Miller, 156 Wn.2d at 31 (emphasis added) (footnote omitted).
¶33 Applying the Miller analysis in this context, whether the jury will learn of Howe’s California convictions for lewd conduct with a child is a legal issue of evidentiary admissibility, not evidentiary sufficiency. 156 Wn.2d at 31. As such, the remedy for erroneously admitting such evidence is not dismissal with prejudice but a remand for a retrial. This remedy is particularly appropriate in this case because Howe did not challenge the comparability of the California convictions. The trial court made the comparability ruling sua sponte, deciding that the elements were the same and thus truncating any opportunity for the State to present the factual basis underlying Howe’s lewd conduct with a child conviction for the trial court’s, or this court’s, consideration.

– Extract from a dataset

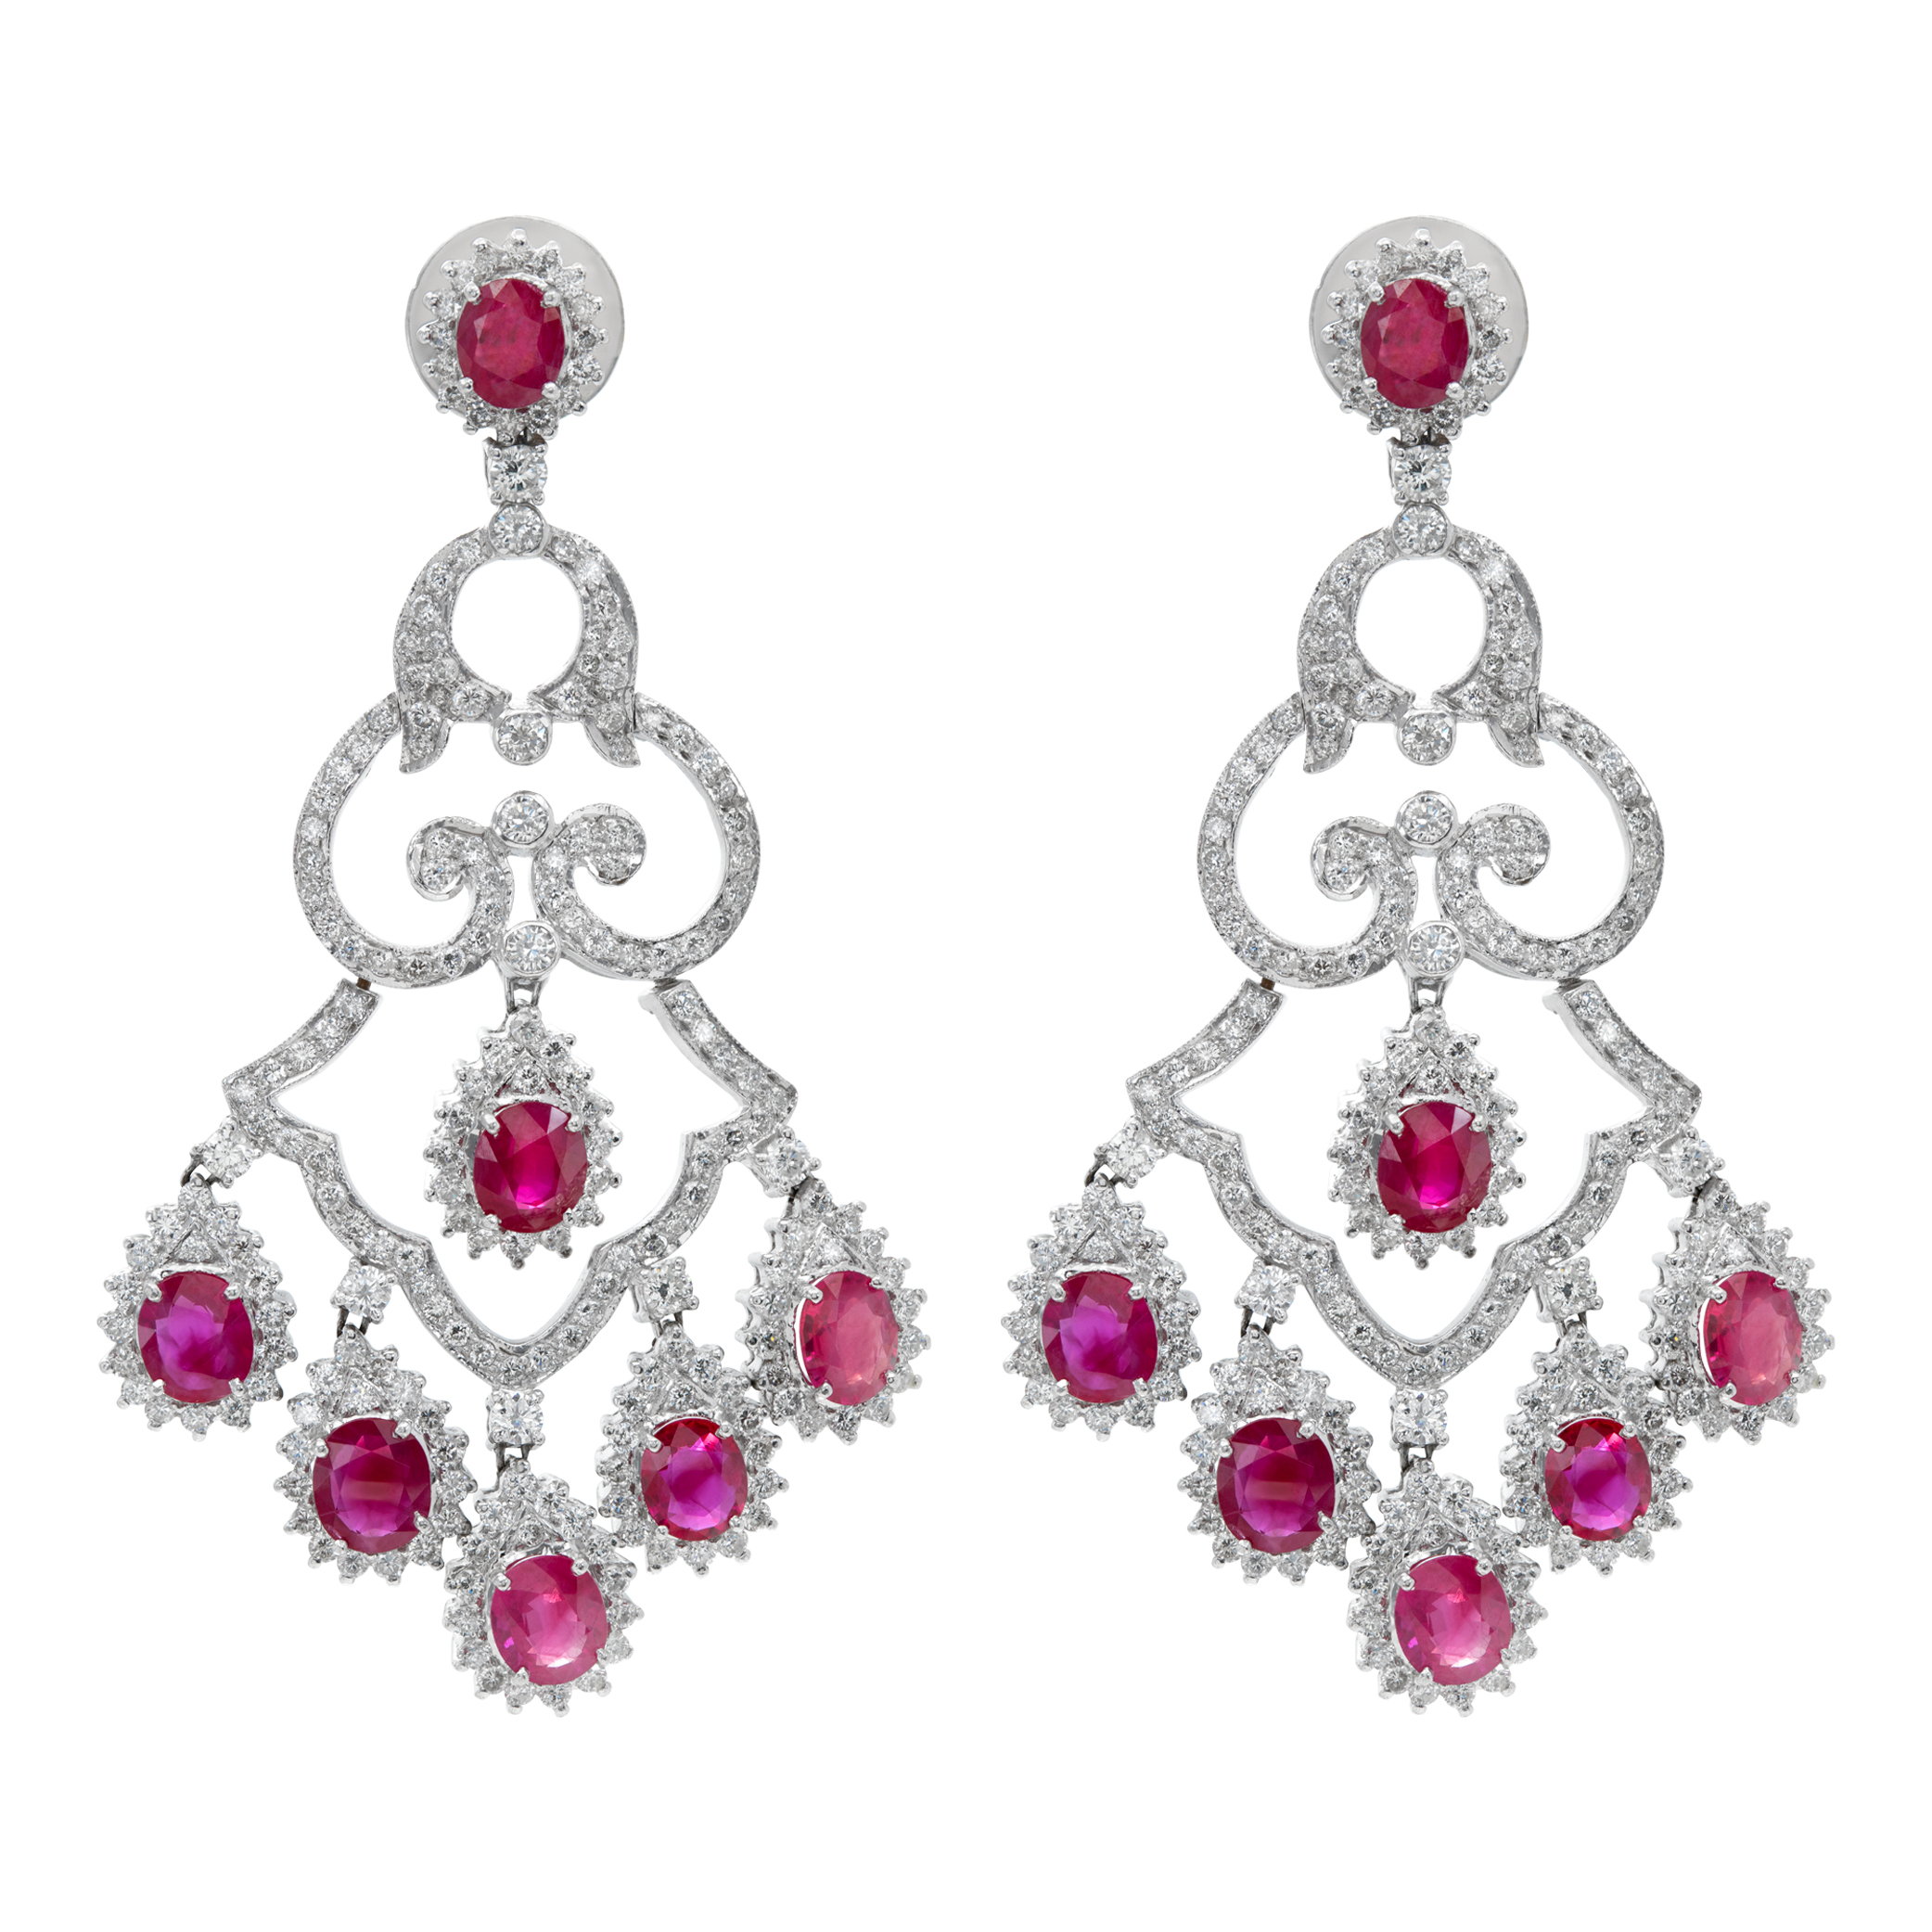 Ruby and Diamond Chandelier earrings in 18k white gold. Ruby: 11.10 carats, Diamonds: 6.30 carats

¶34 This situation is similar to that presented in State v. Mendoza, 165 Wn.2d 913, 205 P.3d 113 (2009), in which our Supreme Court distinguished the proper remedy for situations in which the State had the opportunity to present its evidence but failed to do so, from situations in which the State never had the opportunity. For cases in the former category, the proper remedy is to bar the State from a second chance to prove its case. Mendoza, 165 Wn.2d 913. This remedy is consistent with double jeopardy doctrine, which prevents the State from retrying a defendant after it presents insufficient evidence at trial to convict him, despite the opportunity to do so. State v. Wright, 165 Wn.2d 783, 795, 203 P.3d 1027 (2009) (double jeopardy does not prevent State from retrying defendant under correct statute, after prosecution under wrong statute, as long as sufficient evidence at first trial supports conviction under correct statute (quoting Parker v. Lockhart, 797 F. Supp. 718, 725 (E.D. Ark. 1992))). For cases in the latter category, the State never had the opportunity to present its evidence and, *355thus, double jeopardy does not bar an evidentiary hearing on the issue and retrial should allow the State to present its evidence for the first time. Mendoza, 165 Wn.2d at 930 (where “there is no objection at sentencing and the State consequently has not had an opportunity to put on its evidence, it is appropriate to allow additional evidence at [re] sentencing”); Wright, 165 Wn.2d at 795 (unless double jeopardy bars retrial, appellate courts apply remedy of remanding for retrial (quotingParker, 797 F. Supp. at 725)). Here, the trial court erroneously applied a simple statutory analysis and held that Howe’s convictions were legally comparable, thus precluding the State from presenting evidence of factual comparability. The proper remedy, therefore, is to remand to provide the State with a full opportunity to prove that Howe’s California conviction is factually comparable to a Washington sex offense. I acknowledge State v. Werneth, 147 Wn. App. 549, 555, 197 P.3d 1195 (2008) in which Division Three reversed and remanded for dismissal with prejudice following a similar error. But I note that the court did not analyze double jeopardy principles before stating its result.
¶35 Because I believe the trial court made an error of law concerning the admissibility of evidence, I would remand. If, on remand, a review of the factual basis for Howe’s California conviction does not reveal it to be comparable to a Washington sex offense, then the proper remedy would be dismissal of the charge. See, e.g., Miller, 156 Wn.2d at 31.
See State v. Albright, 144 Wn. App. 566, 569-70, 183 P.3d 1094 (correcting legislative numbering error to provide that failure to register as a sex offender is a sex offense), review denied, 164 Wn.2d 1028 (2008).